1.令和4年の予備試験から、論文式試験の試験科目として、従来課されていた一般教養科目が廃止され、新たに選択科目が追加されます。
(司法試験委員会会議(第157回)議事要旨より引用。太字強調は筆者。)
○ 司法試験予備試験については,令和4年に実施される試験から,論文式試験に選択科目を導入するとともに,論文式試験から一般教養科目を廃止することとなっている
(引用終わり)
2.そもそも、なぜ、予備試験に選択科目が課されるのか。本音をいえば、「予備試験のハードルを高くして、法科大学院に学生が流れるようにしたい。」といったところなのでしょう。法曹コースの創設、法科大学院在学中受験等、今回の一連の改革の動機については、法科大学院関係者からも、そのような指摘がされているところです。

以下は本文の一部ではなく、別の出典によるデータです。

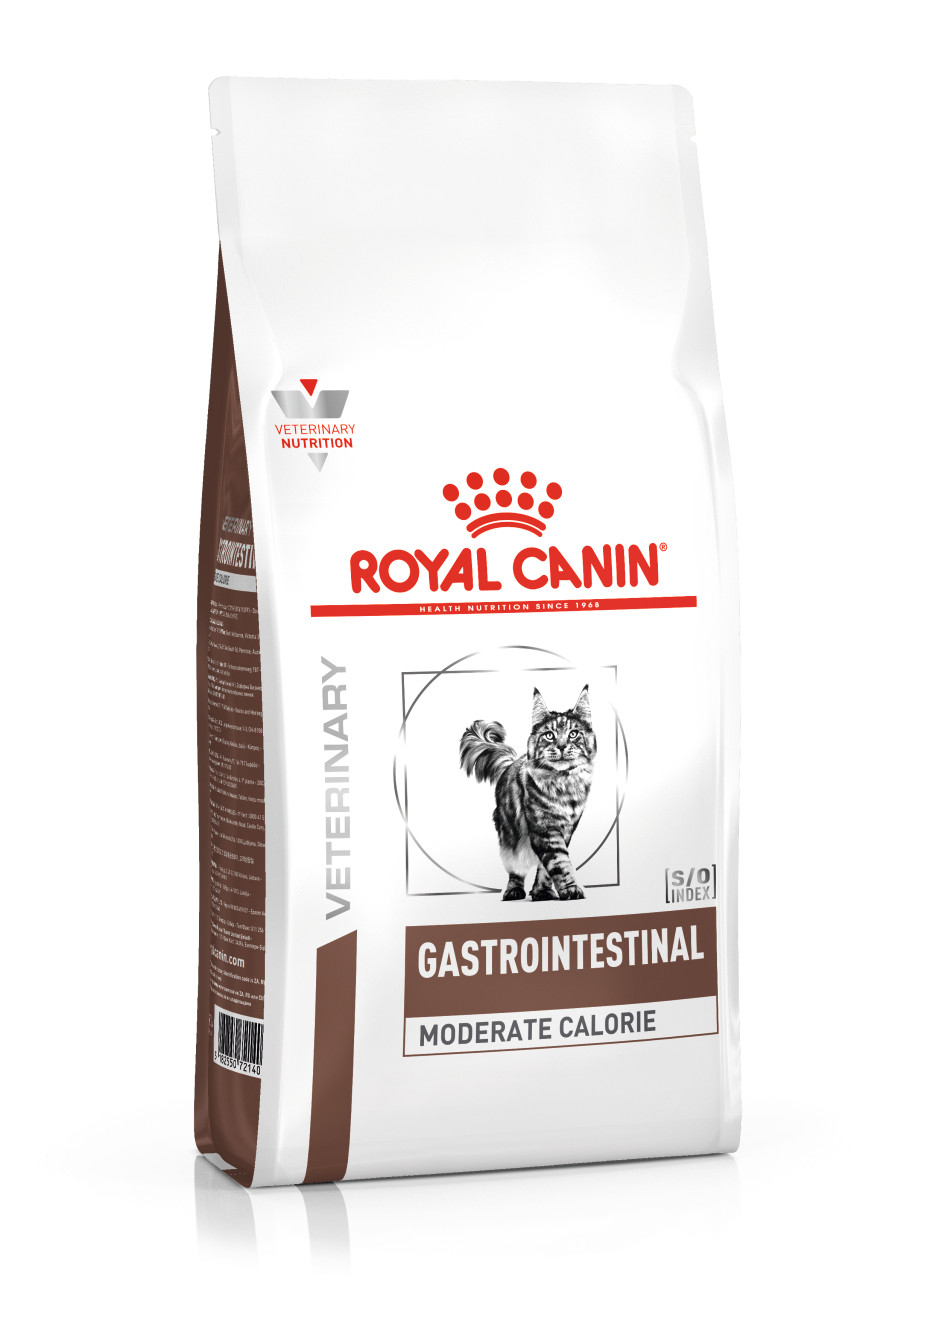 Royal Canin Veterinary Gastrointestinal Moderate Calorie pour chat
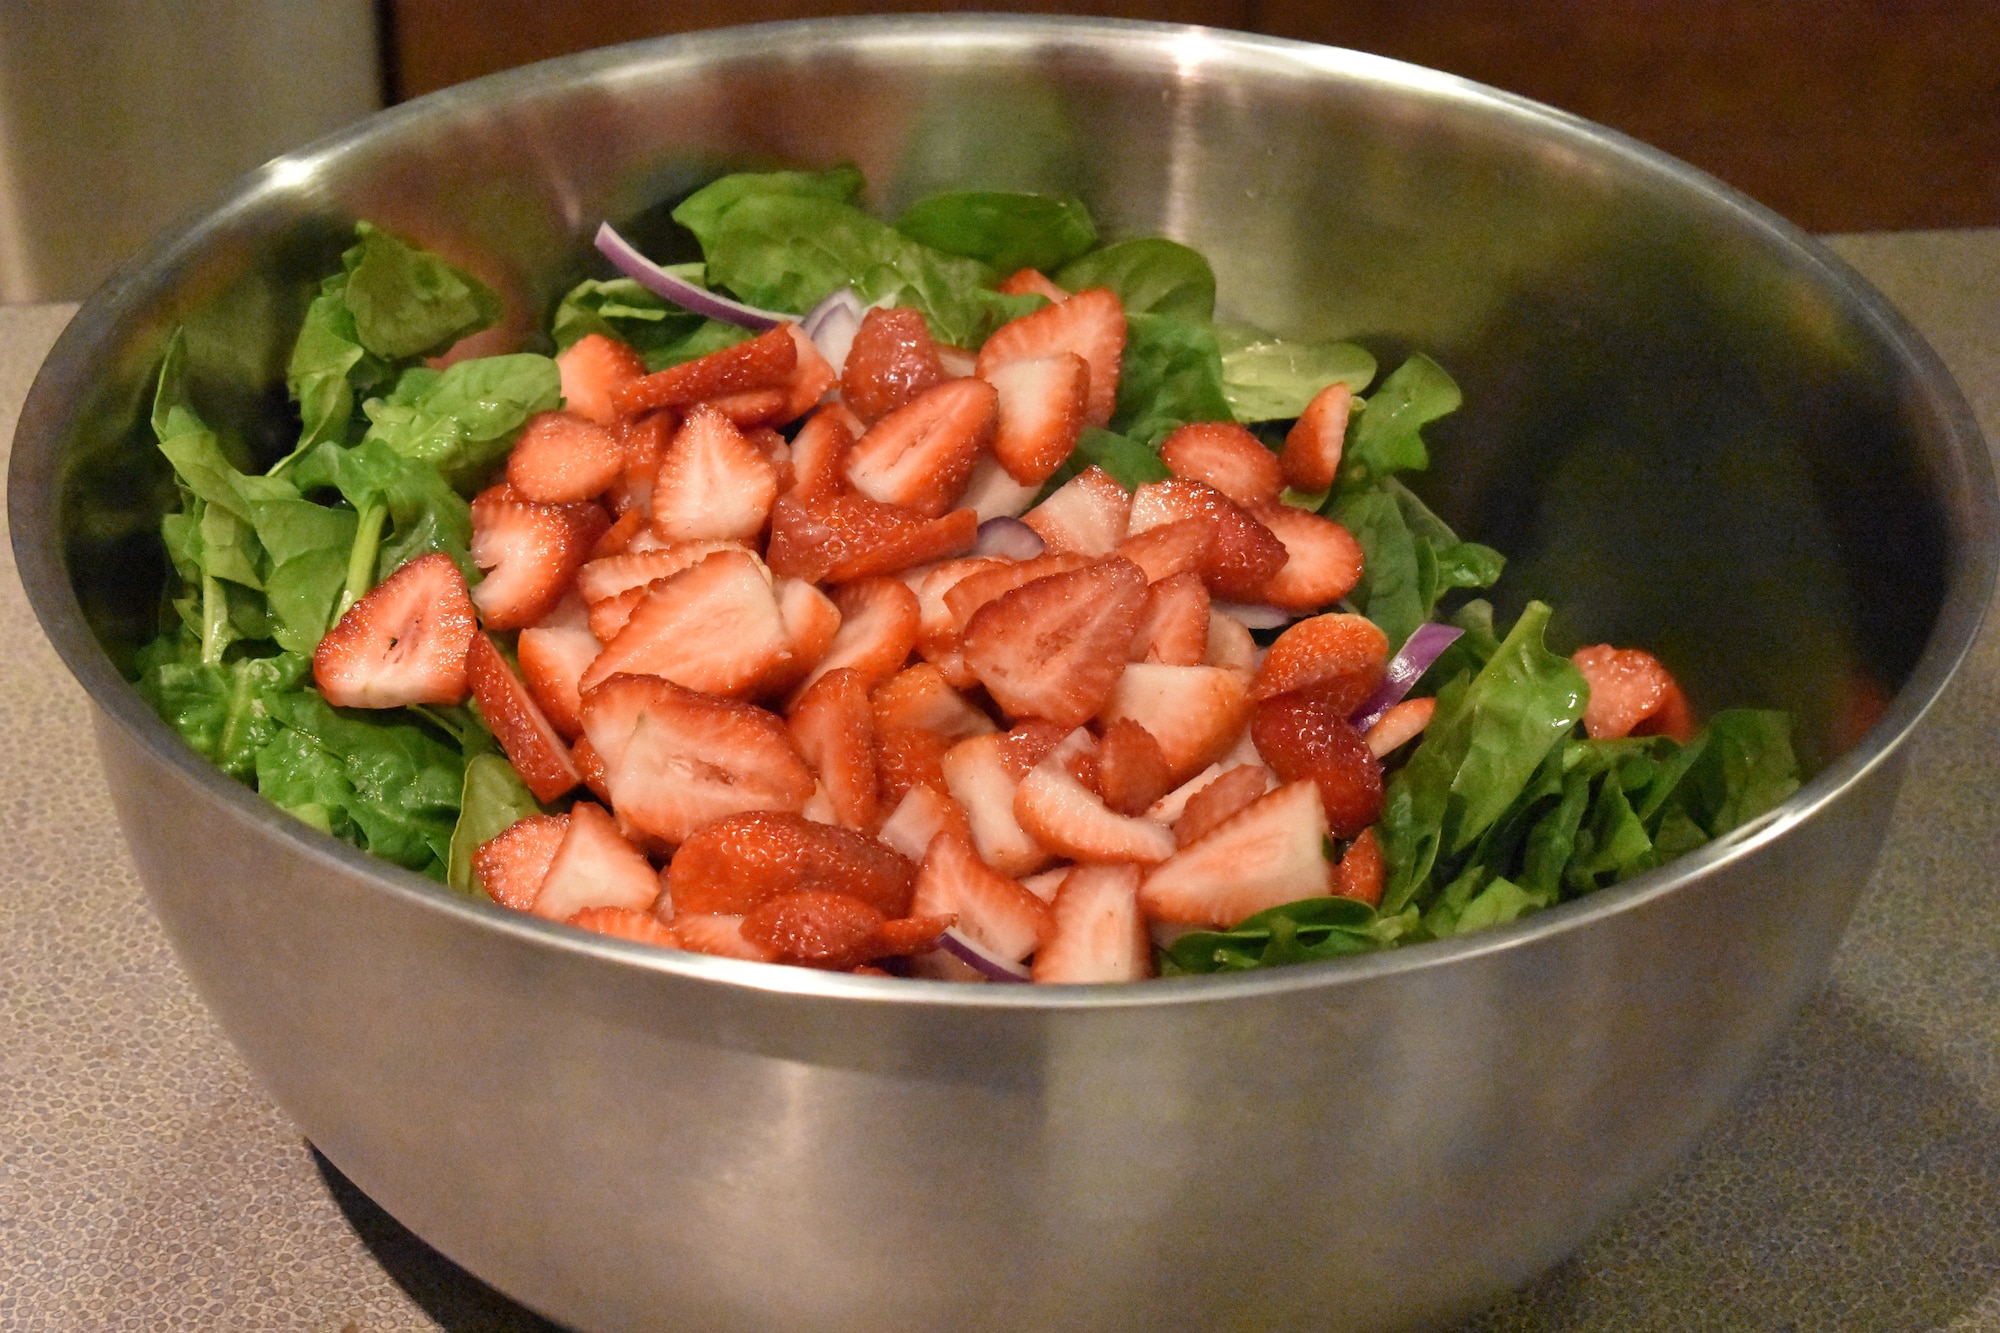 Strawberries rest atop a bed of salad greens Feb. 13, 2019, at Dover Air Force Base, Del. During the Dorm to Gourm class, Airmen prepared several dishes, including a salad and an Italian entree. (U.S. Air Force photo by 2nd Lt. Lorraine Cho)

(衆院文部科学委員会平成31年4月23日議事録より引用。太字強調は筆者。)
須網隆夫(早稲田大学大学院法務研究科教授)参考人 法案提出の動機なんですけれども、この提案理由は非常に抽象的な書き方をしているのでよくわからないんですが、やはり真の動機は、予備試験との競争において法科大学院の競争条件を改善する、こういうことなんだろうというふうに思います。
(中略)
ギャップタームについて、多くの合格者にとっては逆に長くなるのではないかと。おっしゃるとおりだと思います。ただし、この法案は予備試験との競争しか考えていませんので、要するに、予備試験に合格するようなごく一部の層をどっちがとり合うのかということしか考えていませんので、そこで競争できるようになればほかの人のことはどうでもいいと言ってはちょっと言い過ぎかもしれませんけれども、二の次、三の次にやはり優先順位が落ちてしまうんだろうなというふうに思います。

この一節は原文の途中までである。